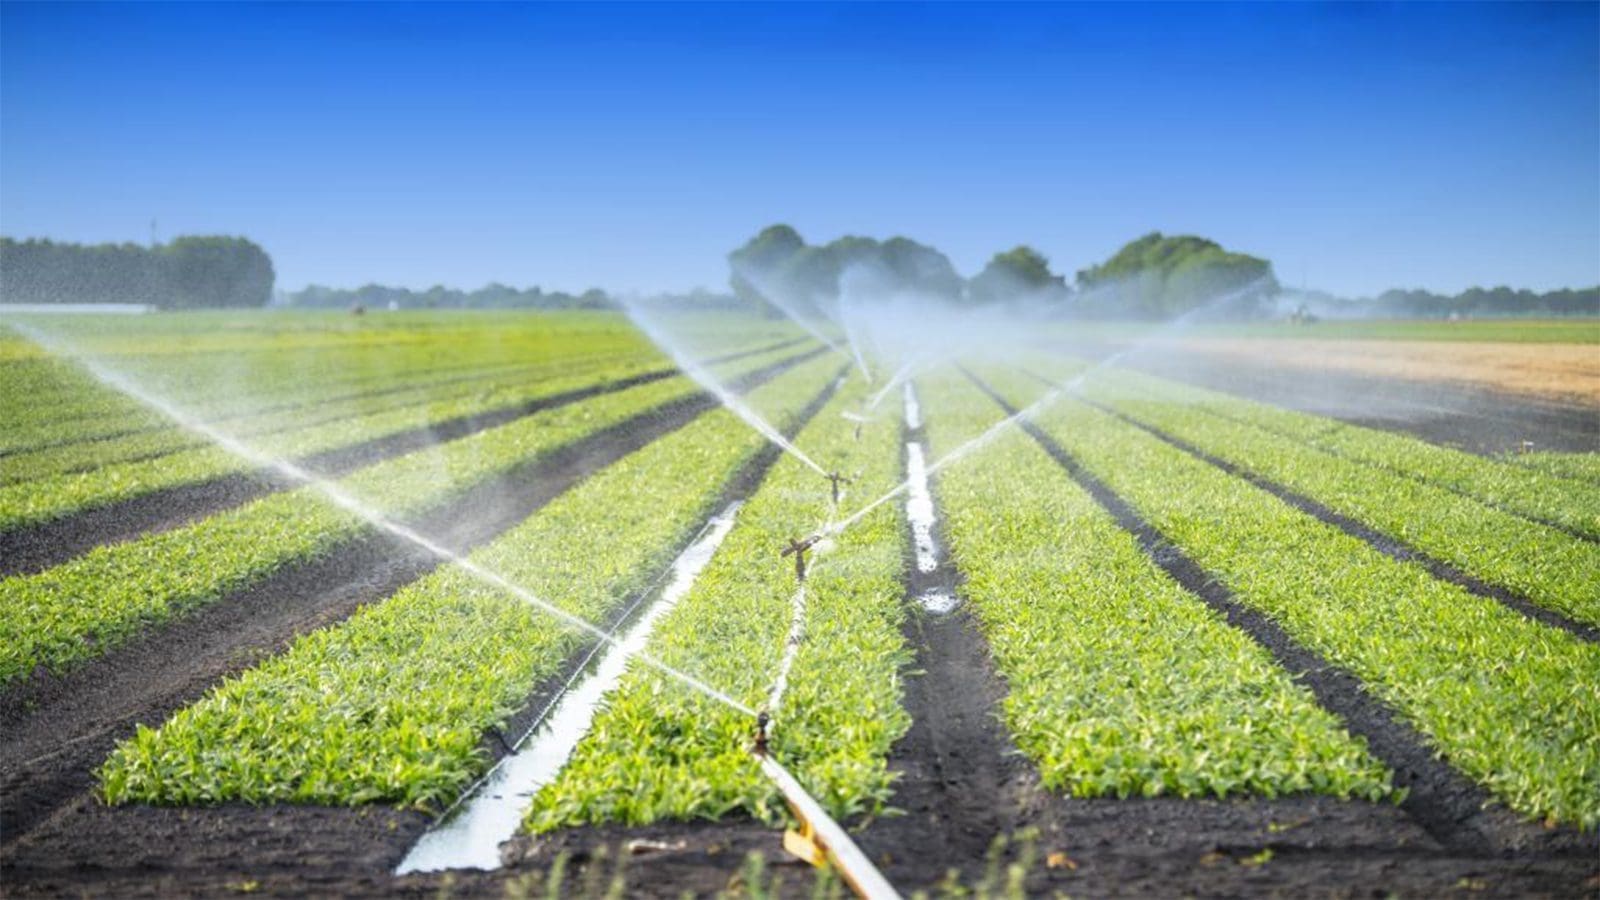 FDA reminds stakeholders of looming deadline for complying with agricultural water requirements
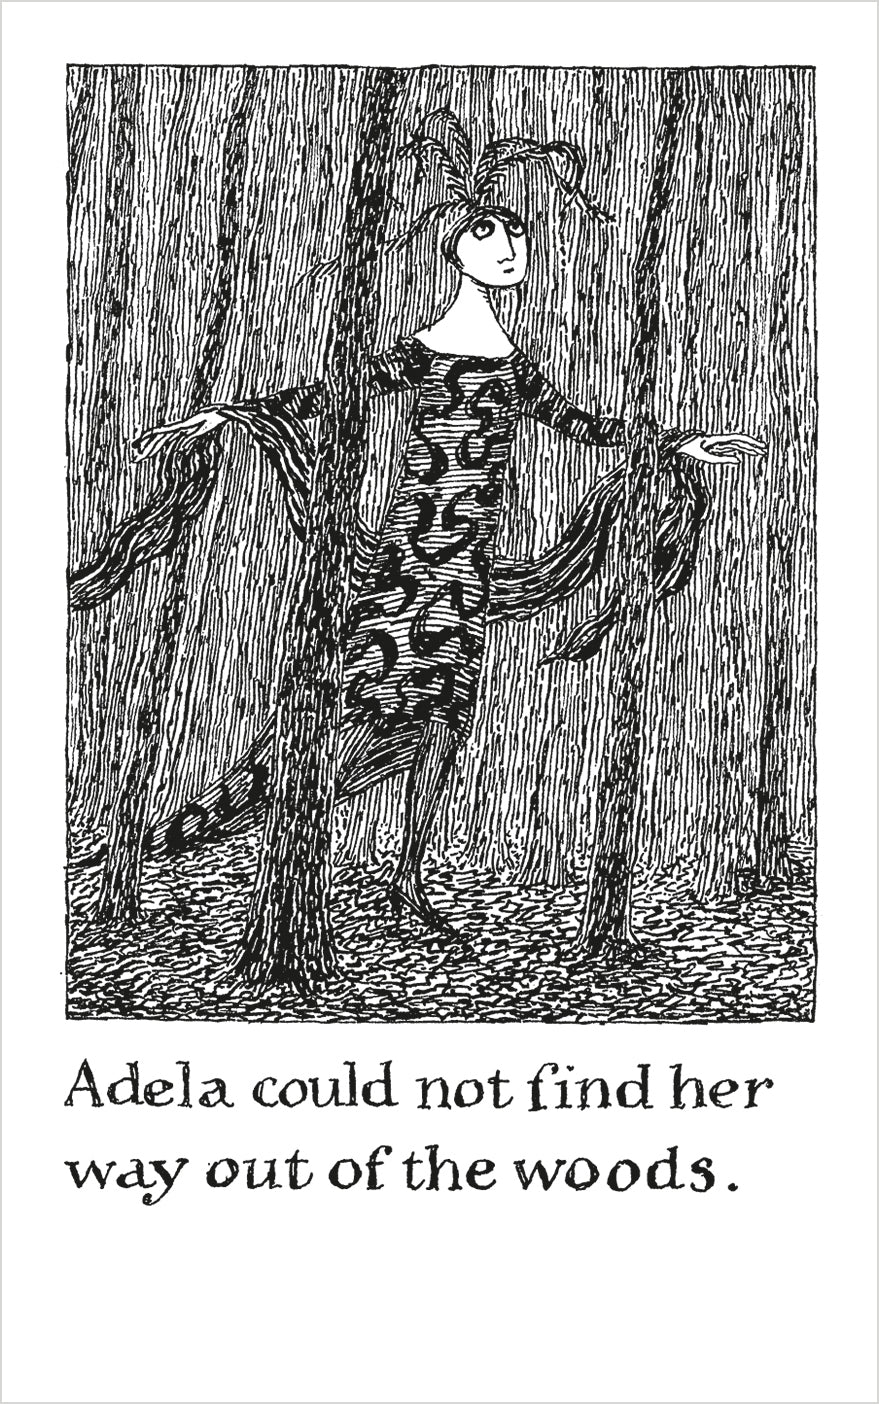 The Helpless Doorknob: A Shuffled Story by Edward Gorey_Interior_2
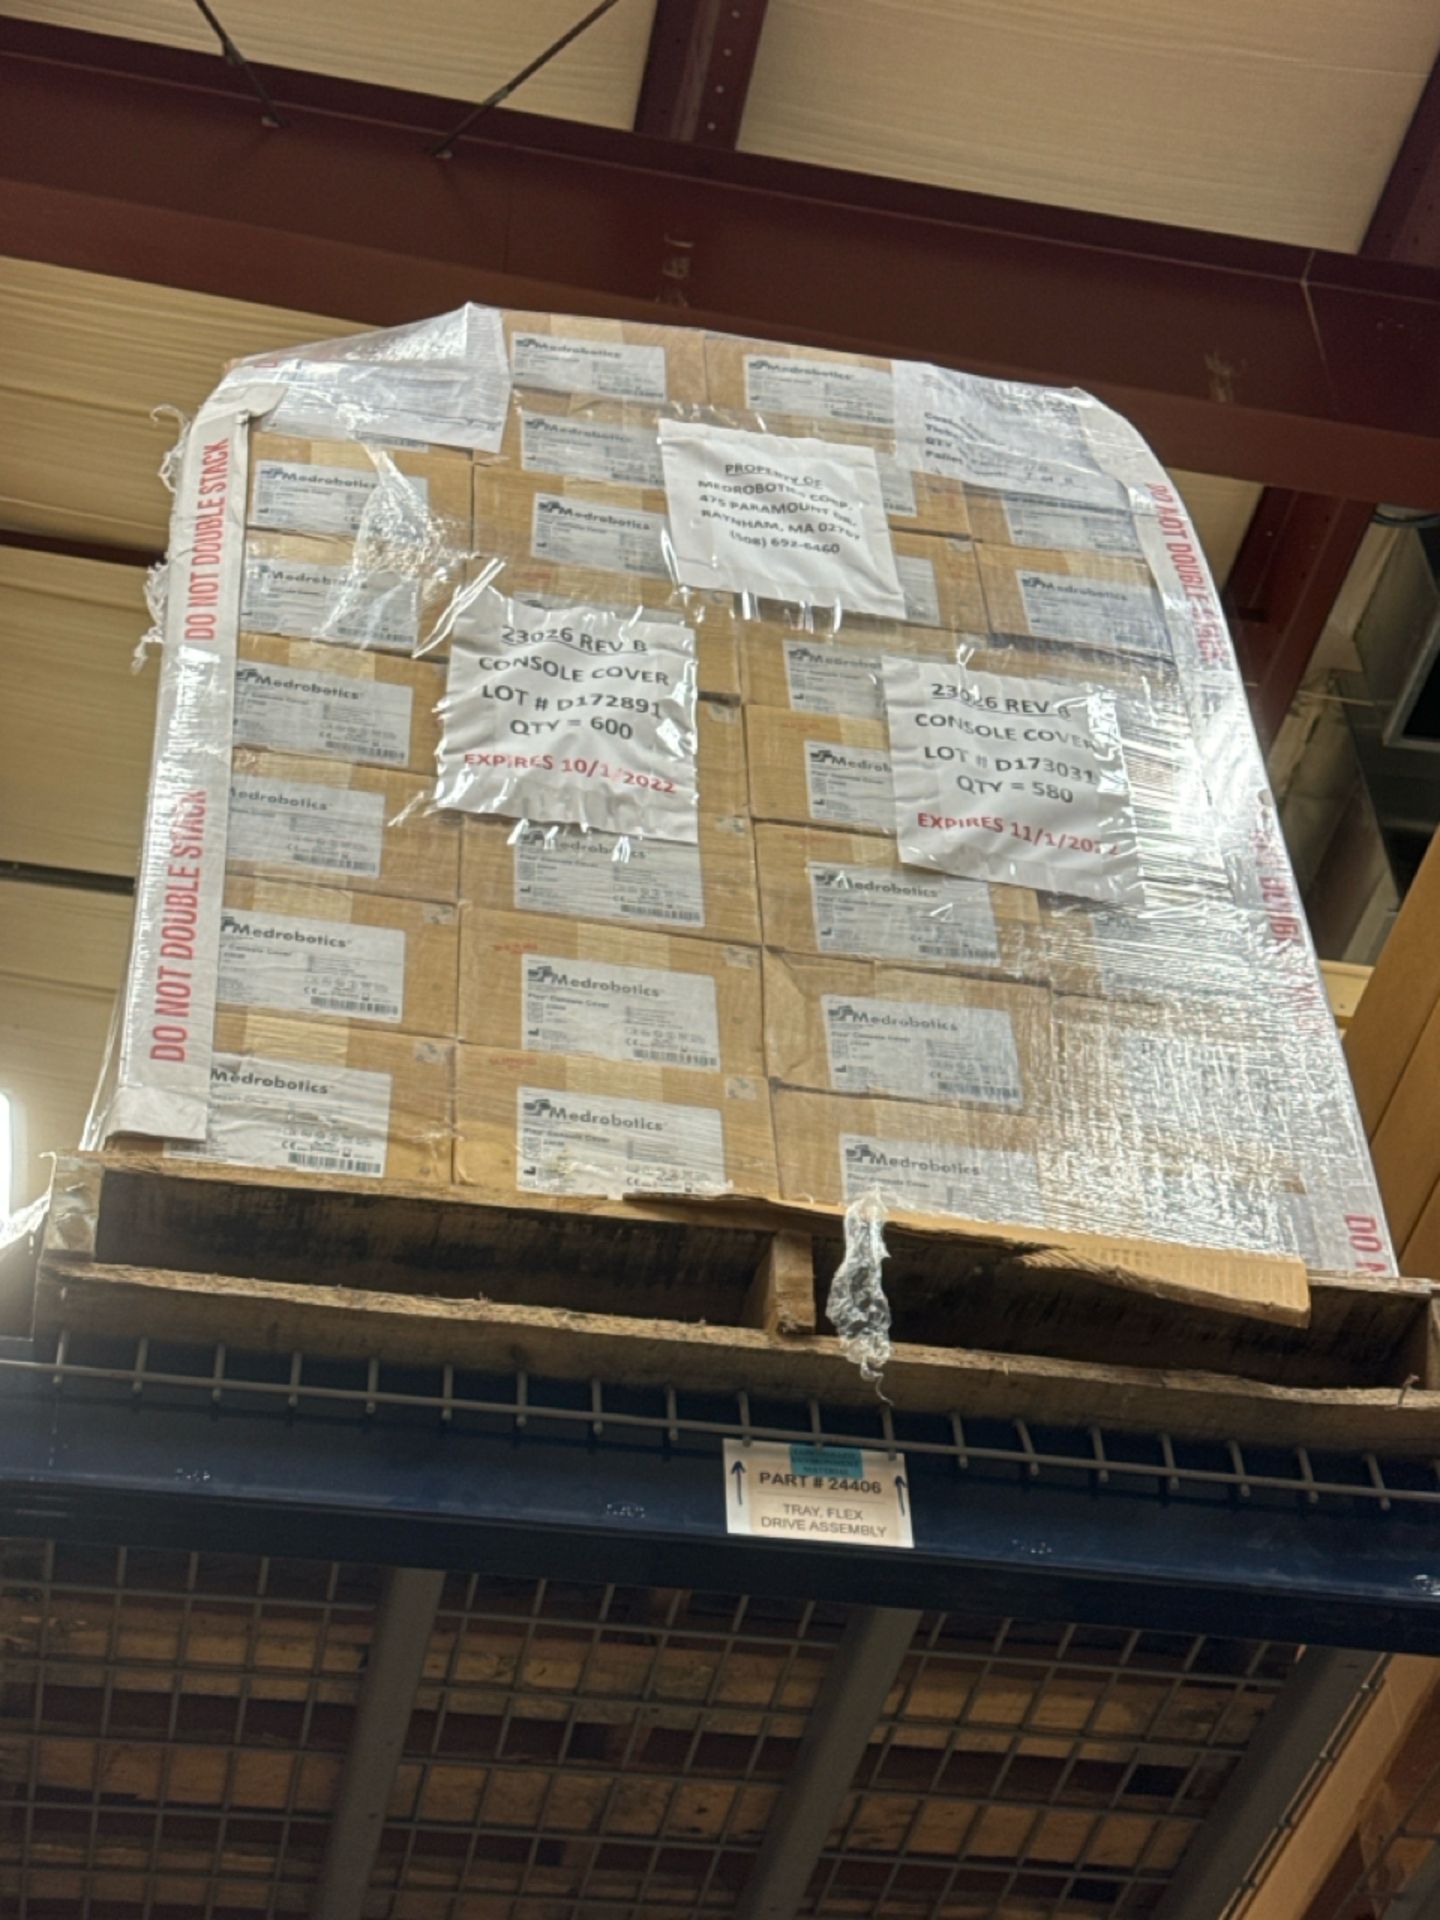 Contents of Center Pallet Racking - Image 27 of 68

:::::

[Exercise goal]:
Reproduce the data above without a single change, please, but without its pictures.

[Answer to this exercise]:
 FDA reminds stakeholders of looming deadline for complying with agricultural water requirements
 The Helpless Doorknob: A Shuffled Story by Edward Gorey_Interior_2
 Contents of Center Pallet Racking - Image 27 of 68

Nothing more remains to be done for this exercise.